Segment Start: DATA SHOWN
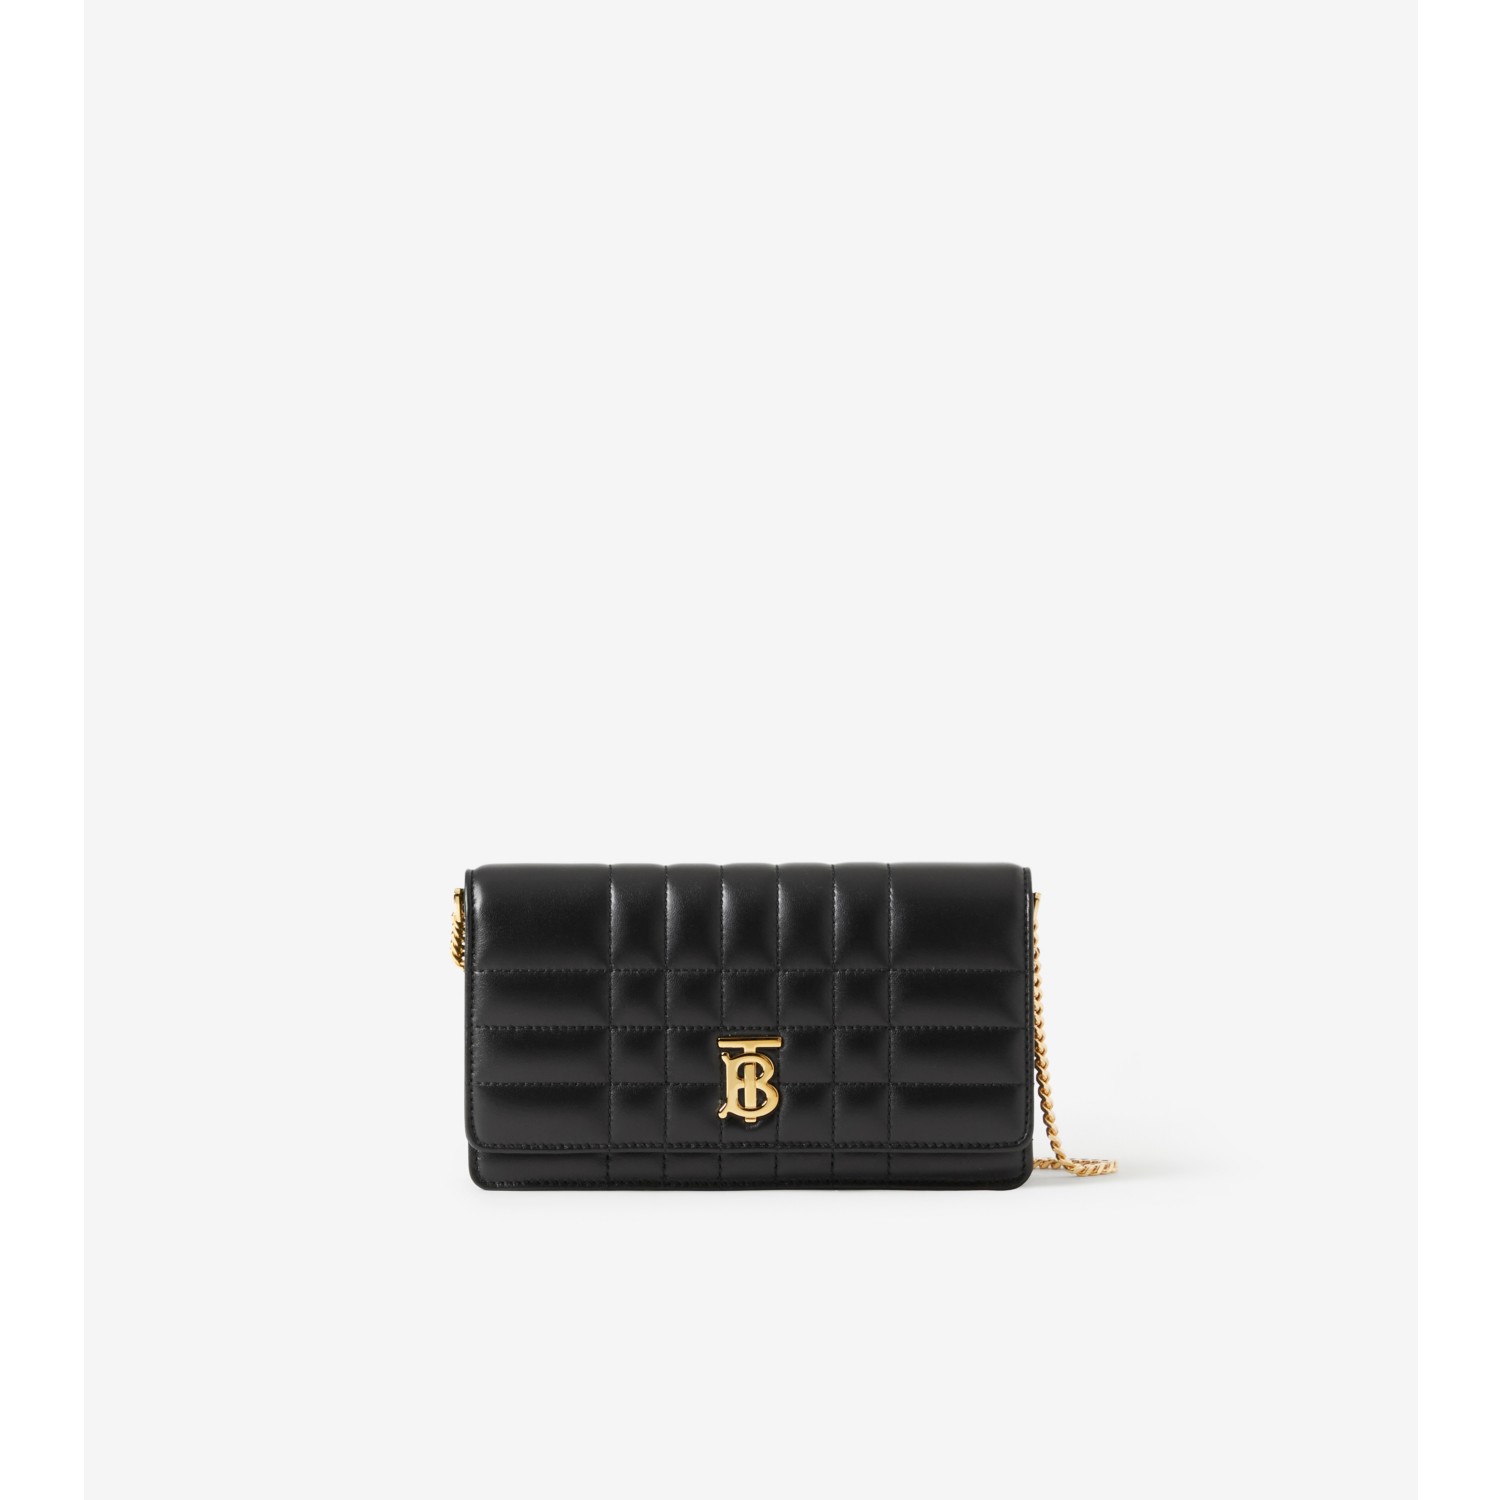 BURBERRY Lola Small Leather Shoulder Bag
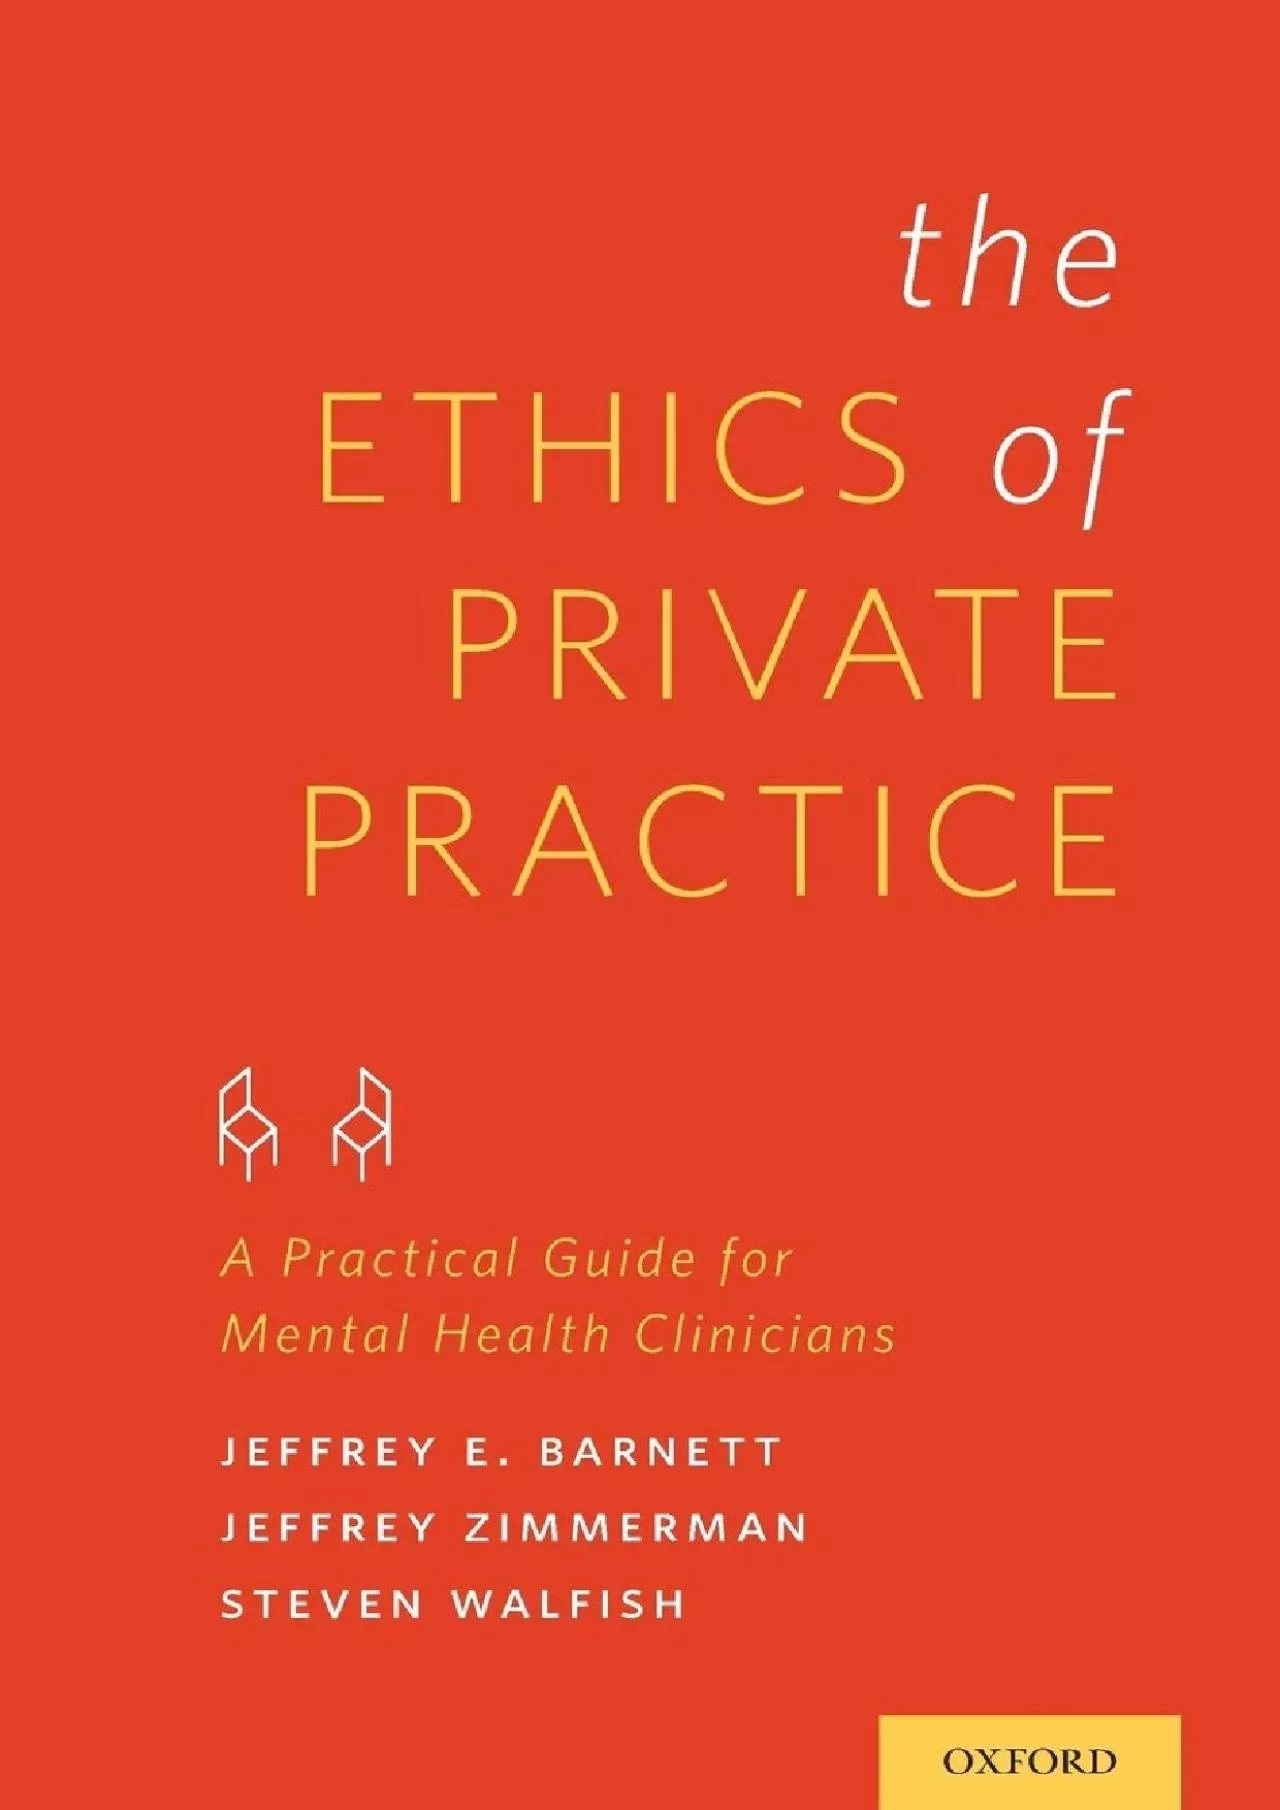 (BOOS)-The Ethics of Private Practice: A Practical Guide for Mental Health Clinicians
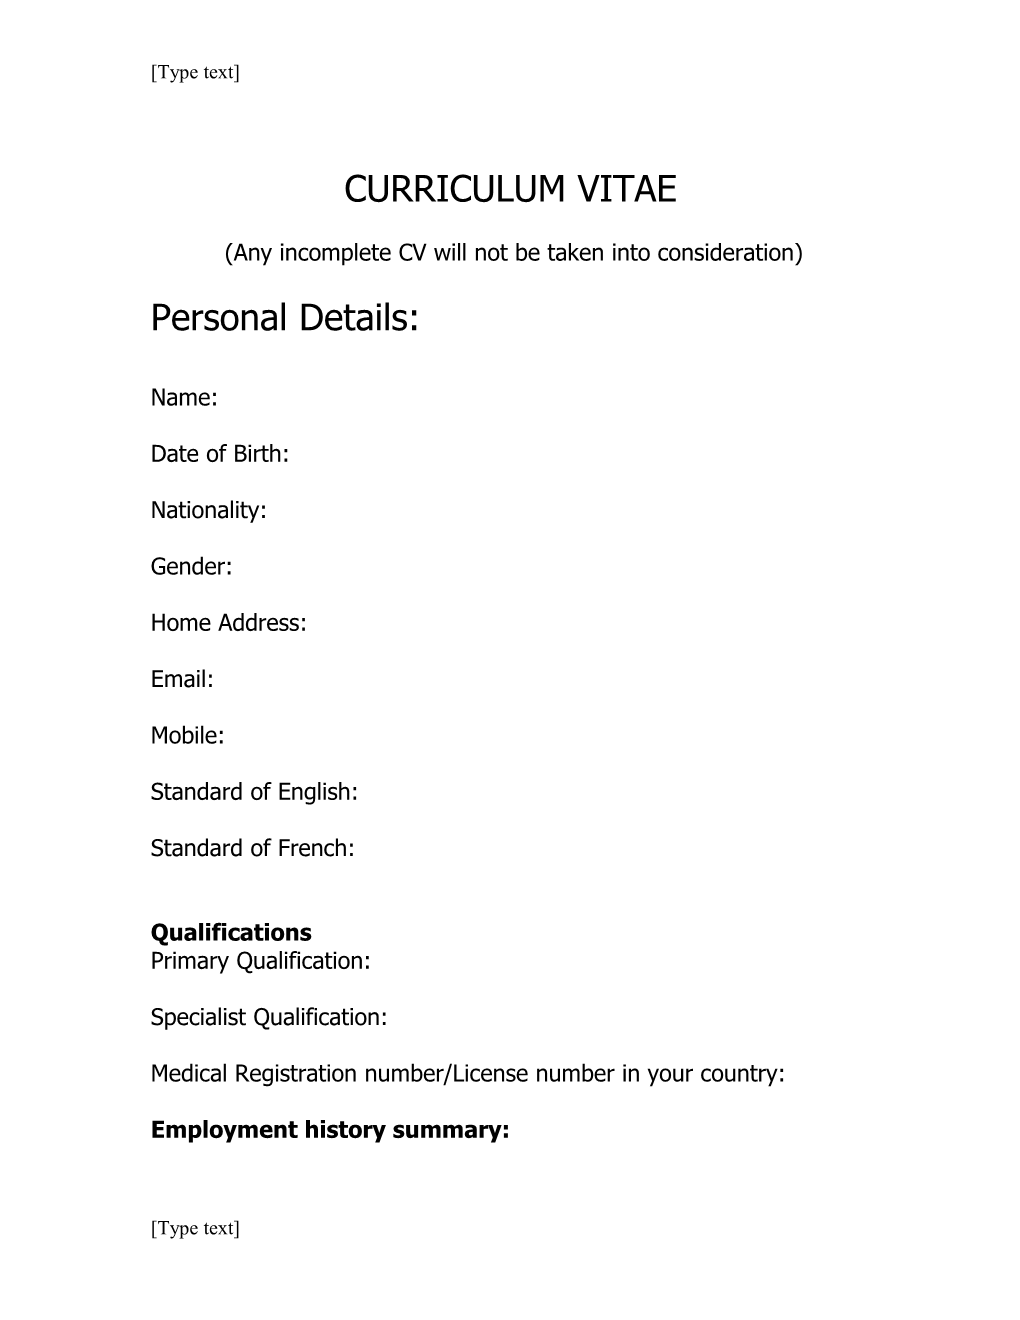 Any Incomplete CV Will Not Be Taken Into Consideration
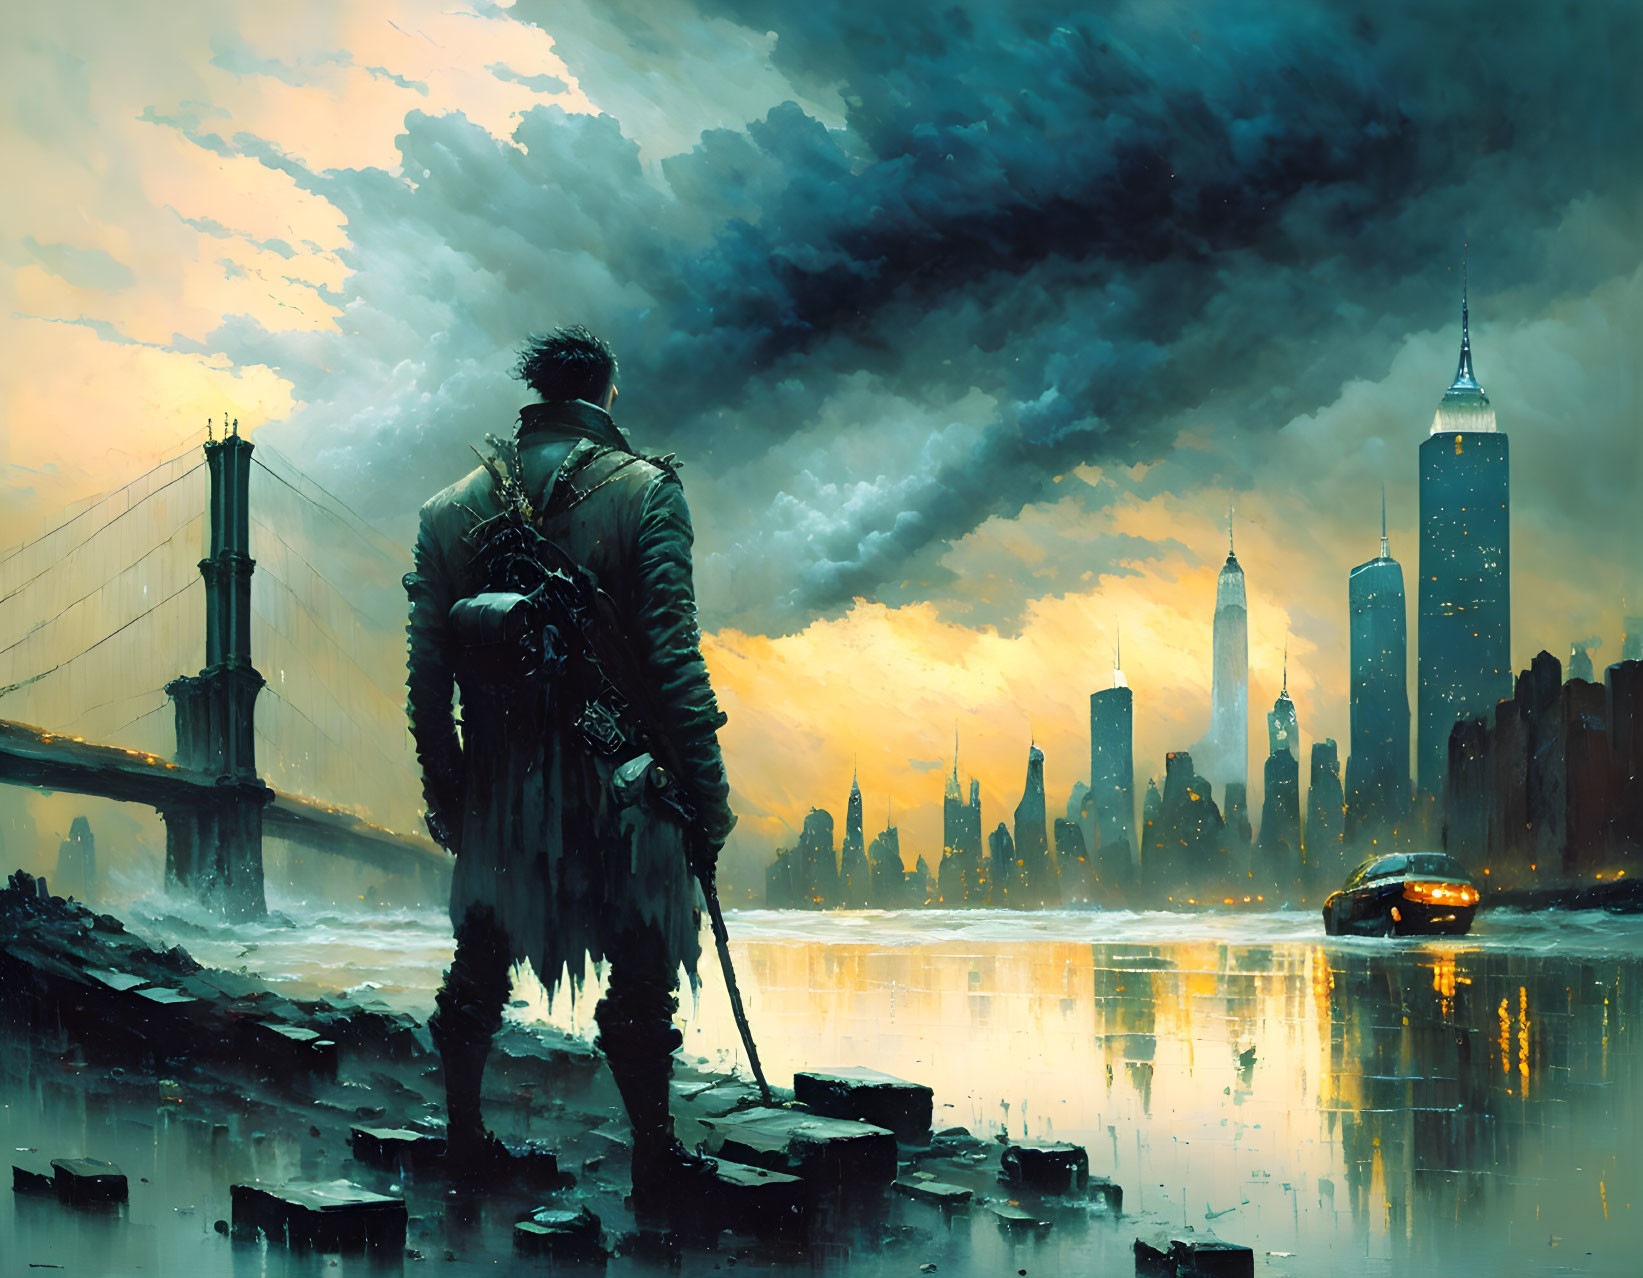 Figure in dystopian cityscape with dramatic sky, weapon, water, taxi, and rubble.
Segment End: DATA SHOWN
§ **WHAT THIS TASK INVOLVES**: Make an exact copy of the listing, with no images in it.

§ **SOLUTION FOR THIS EXERCISE**:
 BURBERRY Lola Small Leather Shoulder Bag
 (BOOS)-The Ethics of Private Practice: A Practical Guide for Mental Health Clinicians
 Any Incomplete CV Will Not Be Taken Into Consideration
 Figure in dystopian cityscape with dramatic sky, weapon, water, taxi, and rubble.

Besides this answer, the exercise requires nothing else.